"If you are silent about your pain, they'll kill you and say you enjoyed it."
Zora Neale Hurston

Monday 11 May 2015

Election results

As they say on the telly, the results have been counted and verified and I can announce that the winner is...

Actually I don't want to talk about winners and losers, it seems crass, vulgar, cheap.

Instead I want to talk about other results, for example me feeling really, really tired is a result of the election. Hundreds of people across the county, and thousands of people across Britain will have been feeling tired over the weekend as a result of last week's election.

The reason being that an election can't take place without staff: there are the presiding officers and poll clerks, who sit in the polling stations for 15 hours (6am to 10pm) to make sure that the people have a chance to vote.  There are more than 40,000 polling stations across the country, so that's over 80,000 people who put in a really long day in the name of democracy.

Then there are the counters, who have to record every vote to make sure that the right person gets the job they're elected to.  I'm not sure how many counters there are, but there were a few hundred gathered in the Whitehaven Sports Centre from 10pm on Thursday until after 6pm on Friday, counting the Copeland votes.
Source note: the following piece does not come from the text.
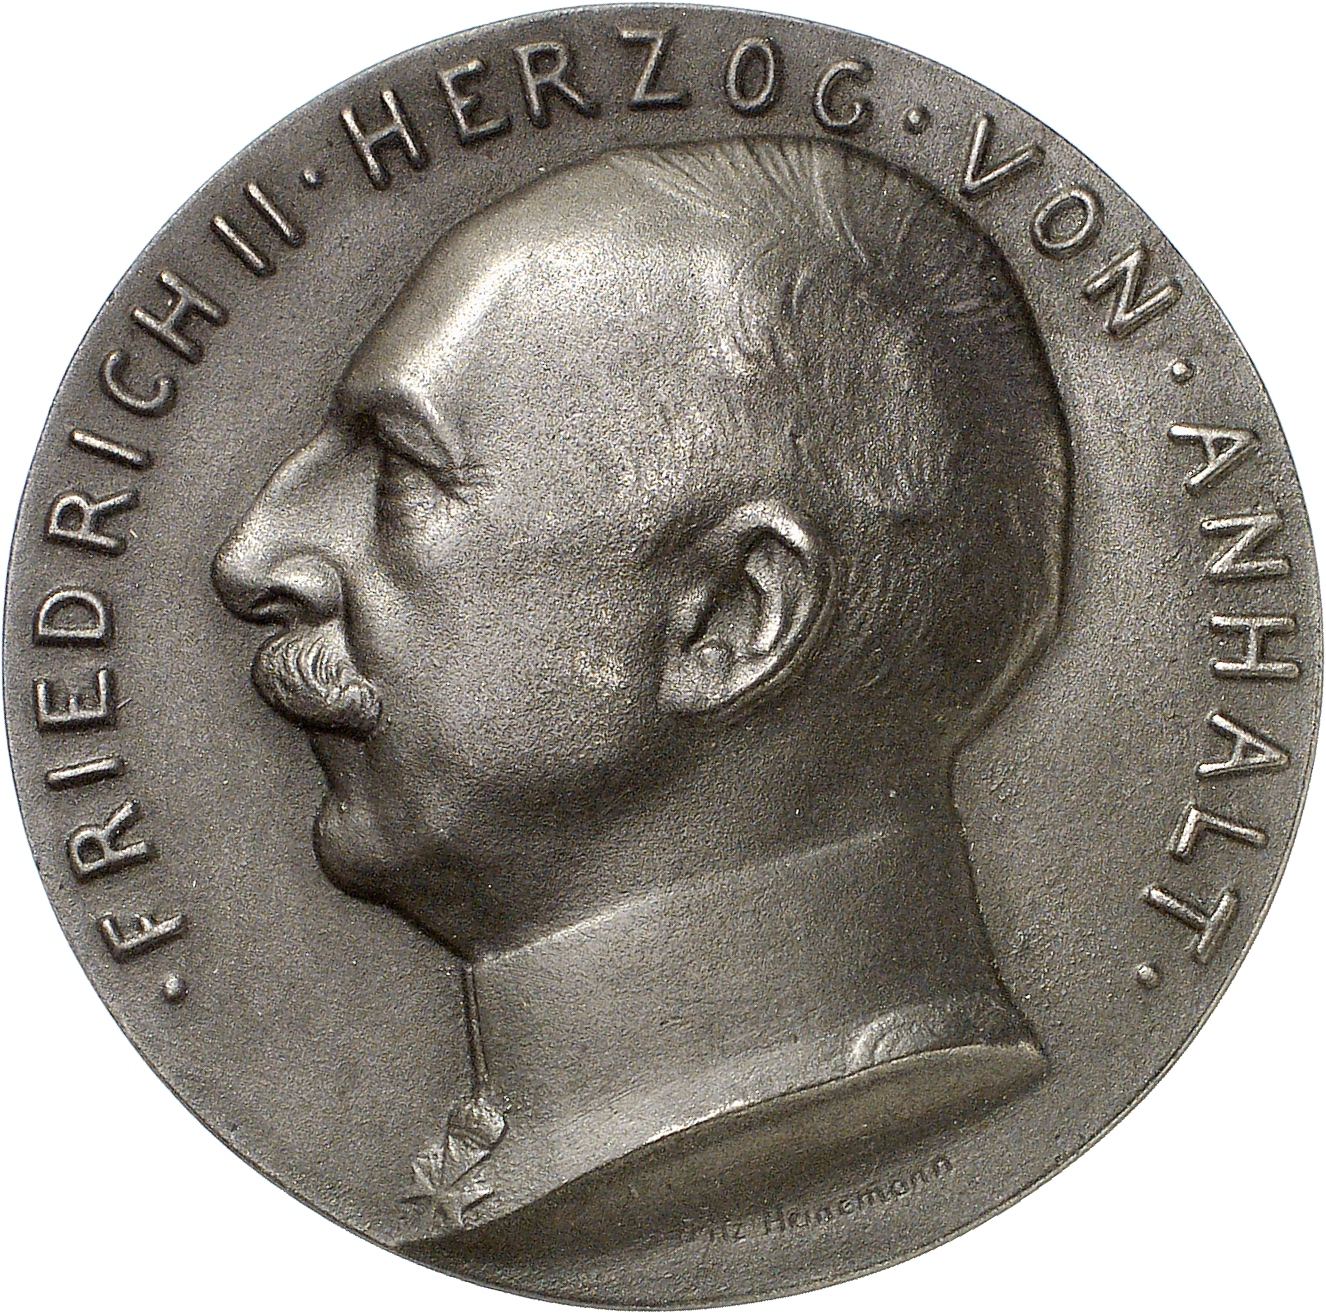 Heinemann, Fritz: Friedrich II. Herzog von Anhalt
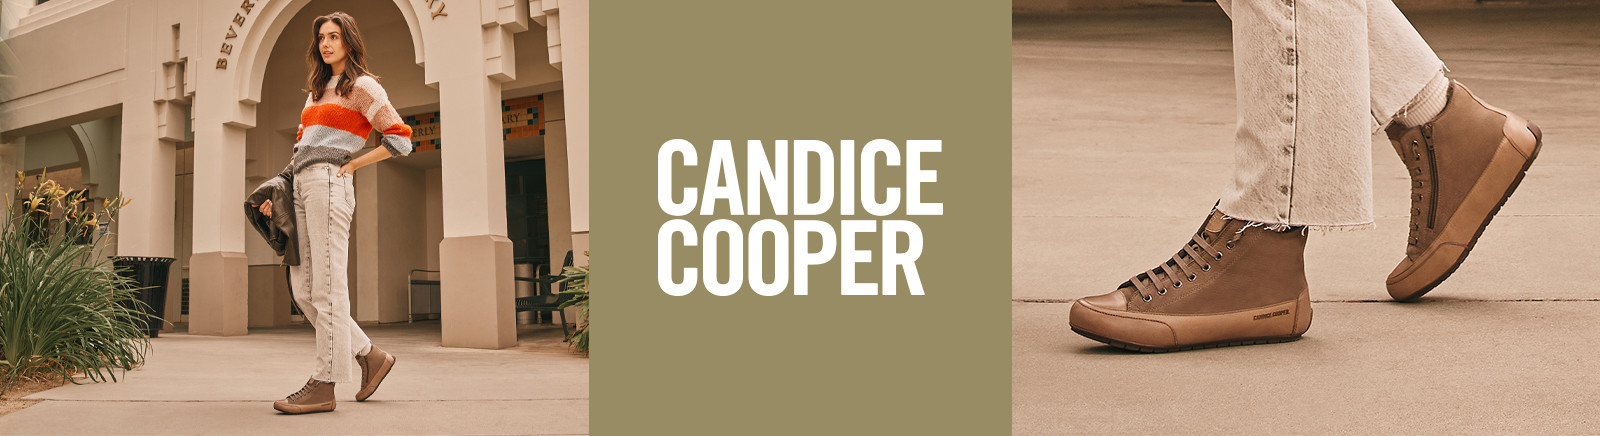 Prange: Candice Cooper Herren Boots online shoppen

I know that there are 326 districts in England, there are another 73 constituencies in Scotland, 22 council areas in Wales and 18 constituencies in Northern Ireland.

That's 439 administrative centres, of varying types.  If each one of them employed just 150 counters (many of the larger ones could've needed more) that would be 65,850 people counting votes across the United Kingdom.  Many of them doing it into the early hours of Friday morning. Not Sunderland though. 

The point I want to make is that it takes a huge number of people, working very long hours to enable people to vote, and that's just one more reason why everyone eligible should take the opportunity to stand up and be counted.